My father used just the wrong approach with my mother during the years her memory was failing. He took her to every new restaurant, forced her to travel. He was trying to make her last years happy by offering her the best. He also believed that piling on more experiences was better – that it would strengthen the brain cells that remained. I wanted him to keep her life simple, not continually confront her with the terror of new things. It hurt me to see her humiliated, when she was forced to do things that were beyond her capacities, where all she could do was fail.
When a person’s memory is dulled by an unstimulating life, new experiences may be the antidote. But dementia is totally different from the type of forgetting caused by looking at four walls. The advice to search out fulfillment or do memory exercises falls flat with dementia. No memory workout can retard the brain-cell loss of Alzheimer’s disease. In fact, because it may flood the person with anxiety, forcing memory-stimulating exercises on an Alzheimer’s victim is likely to boomerang.

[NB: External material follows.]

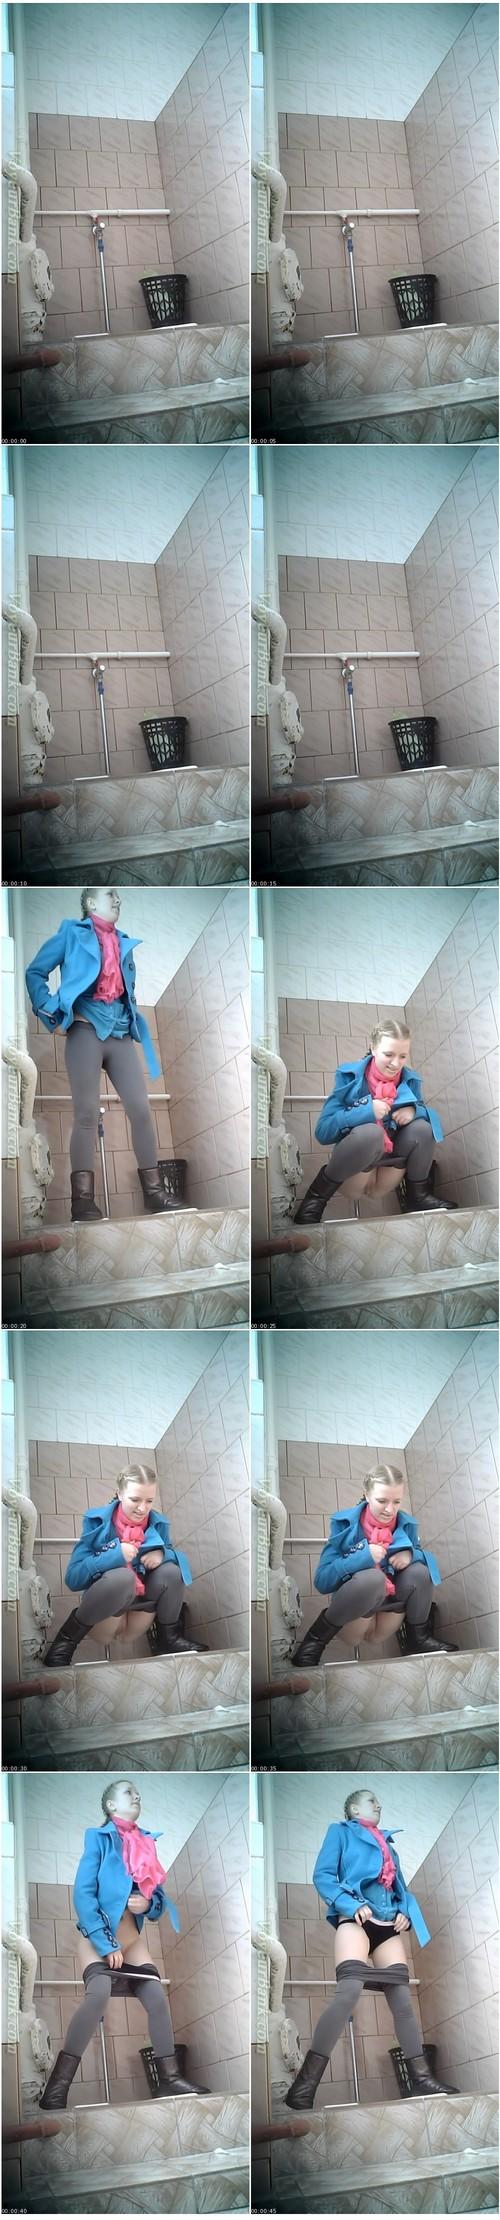 http://ist5-1.filesor.com/pimpandhost.com/9/6/8/3/96838/6/j/f/C/6jfCB/VoyeurBank0530_thumb_m.jpg

Use external aids. On the other hand, using external memory props can be very effective, particularly when the illness is in its earlier stages. One standard prop is notes. Fasten a note to the stove reminding your mother to turn it off; pin one to the front door reminding your husband to take his coat. People with dementia tend to be more confused in the evening, in part because in the dark less information about the world comes in (and they also may be less alert). Simple strategies such as leaving a bathroom light on can reduce the terror of waking up with a full bladder and forgetting where the toilet is. In helping more information to penetrate, be creative! Use your ingenuity to turn up the volume of those things that must be remembered.
In the middle stages of the illness other devices may be very helpful – those that make living safer and assist the person with jobs such as bathing and dressing. If you are afraid your father will wander out of the house and get lost, install double locks, the kind that must be unlocked from the inside; sew identification labels in his clothing; there is even a homing device on the market that signals a caregiver when the patient wanders off.